--- EXERCISE GOAL ---
Would you repeat the listing exactly but omit every picture?

START RECORDED DATA

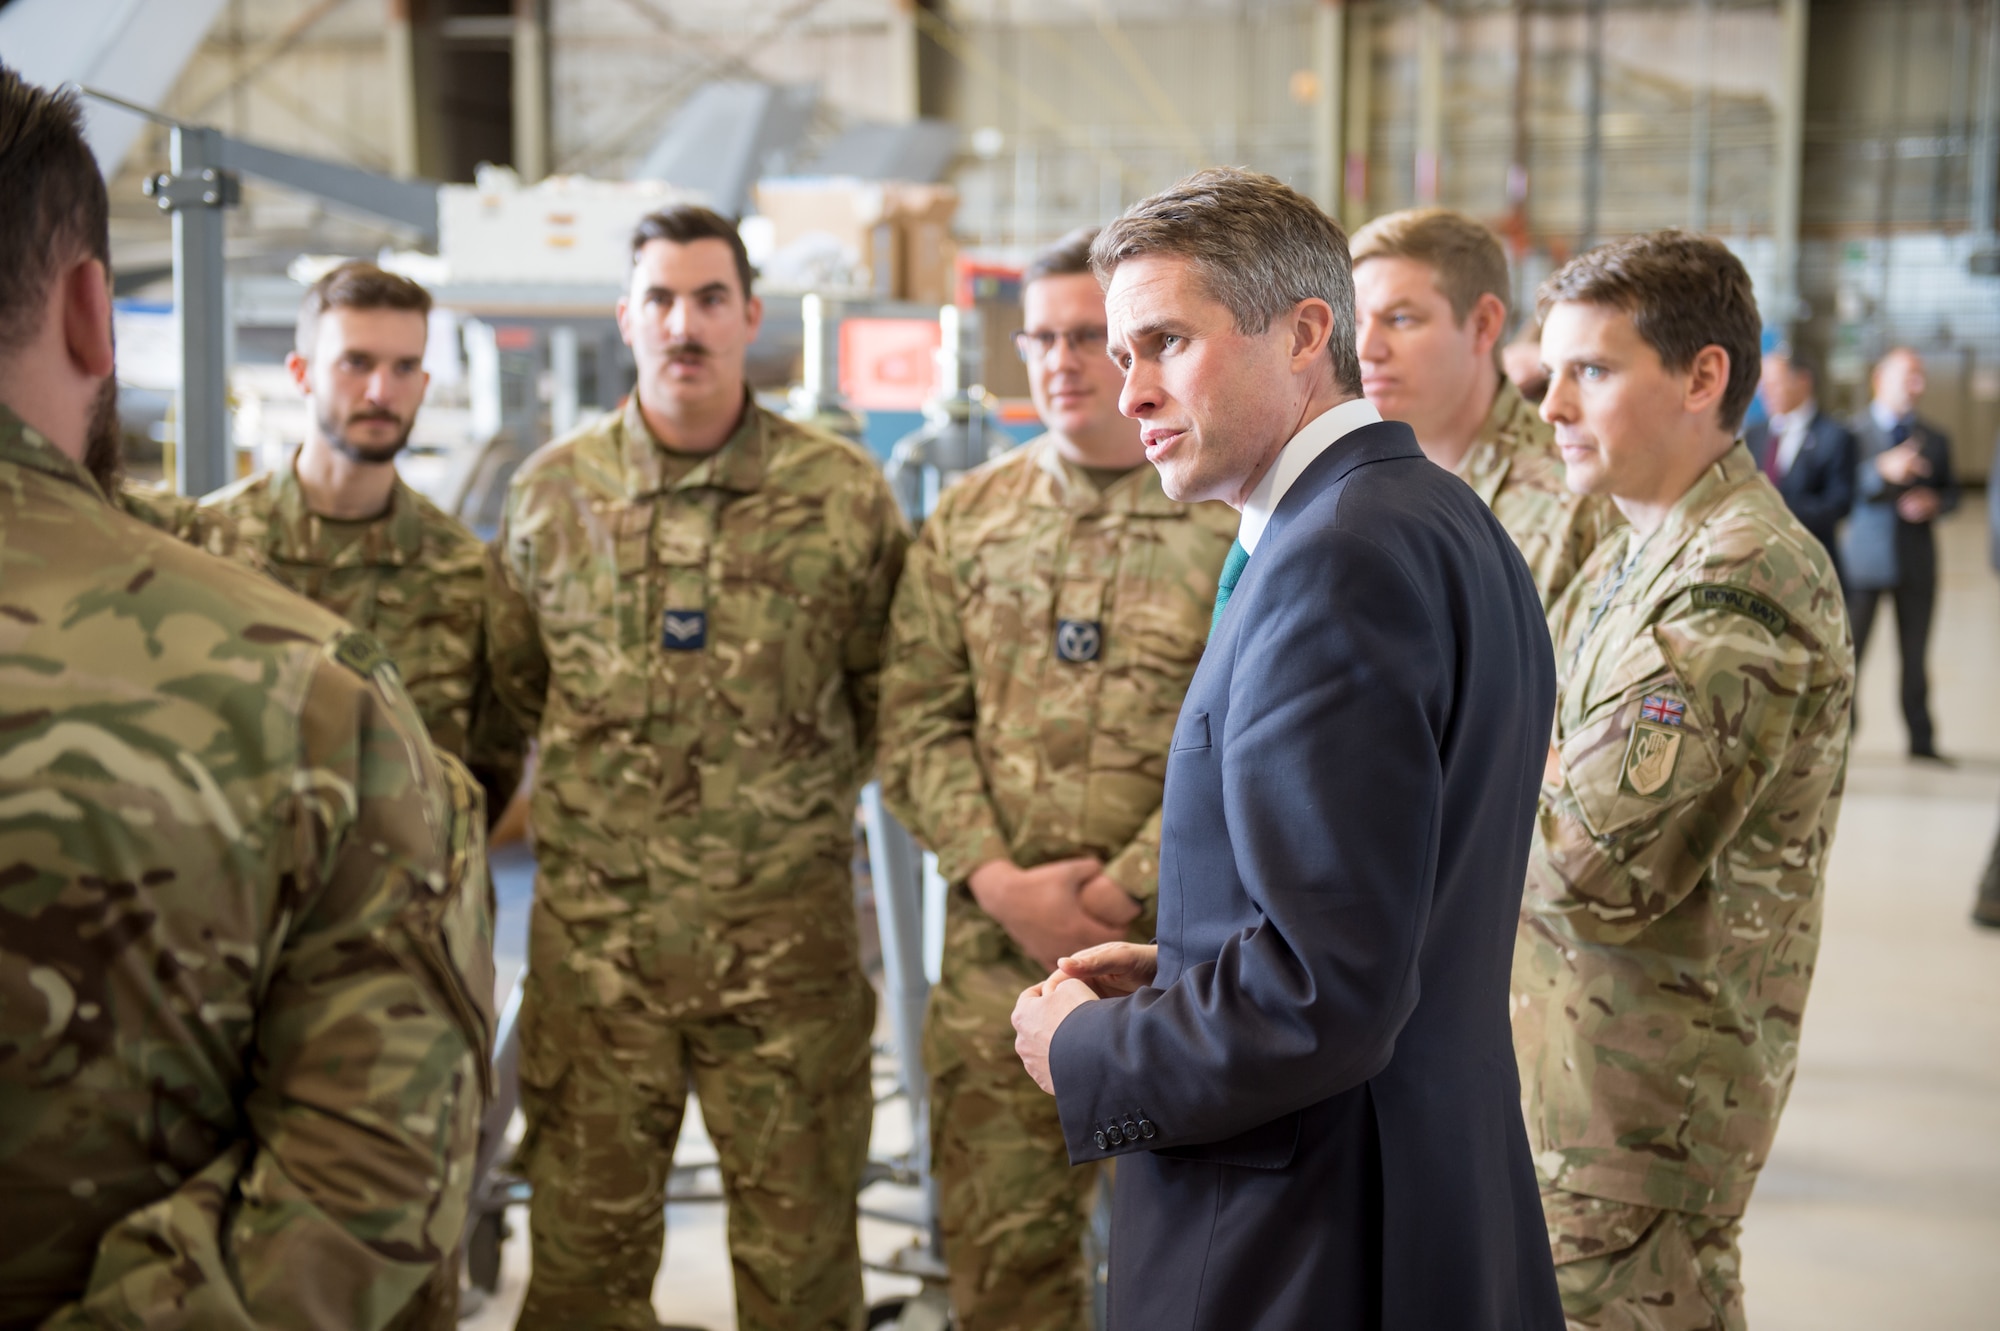 Secretary of State for Defence Gavin Williamson CBE (Commander of the Most Excellent Order of the British Empire) meets with members of the Royal Air Force's 17 Squadron, which is the organization on Edwards Air Force Base responsible for the operational test and evaluation of the U.K.'s F-35 Joint Strike Fighter, Dec. 2. (U.S. Air Force photo by Kyle Larson)
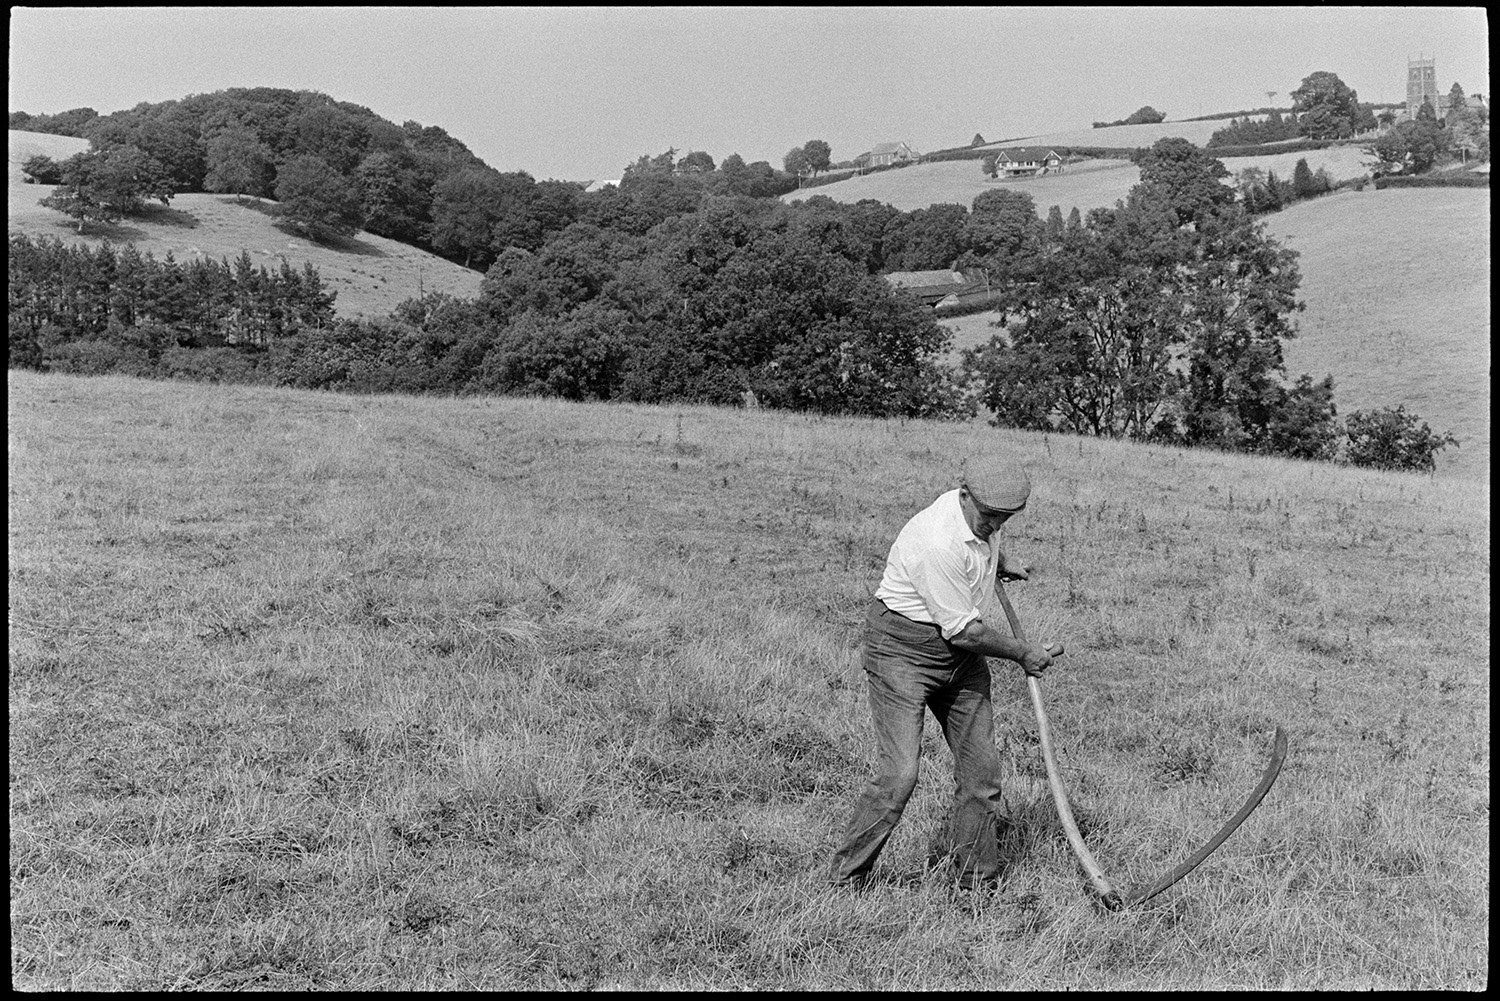 Farmer scything thistles in field during drought. 
[A man using a scythe to cut thistles in a field at Westpark, Iddesleigh during a drought. Woods, farm buildings and a church tower can be seen in the background.]

END RECORDED DATA

--- RESPONSE TO THIS TASK ---
 Secretary of State for Defence Gavin Williamson CBE (Commander of the Most Excellent Order of the British Empire) meets with members of the Royal Air Force's 17 Squadron, which is the organization on Edwards Air Force Base responsible for the operational test and evaluation of the U.K.'s F-35 Joint Strike Fighter, Dec. 2. (U.S. Air Force photo by Kyle Larson)
 Farmer scything thistles in field during drought. 
[A man using a scythe to cut thistles in a field at Westpark, Iddesleigh during a drought. Woods, farm buildings and a church tower can be seen in the background.]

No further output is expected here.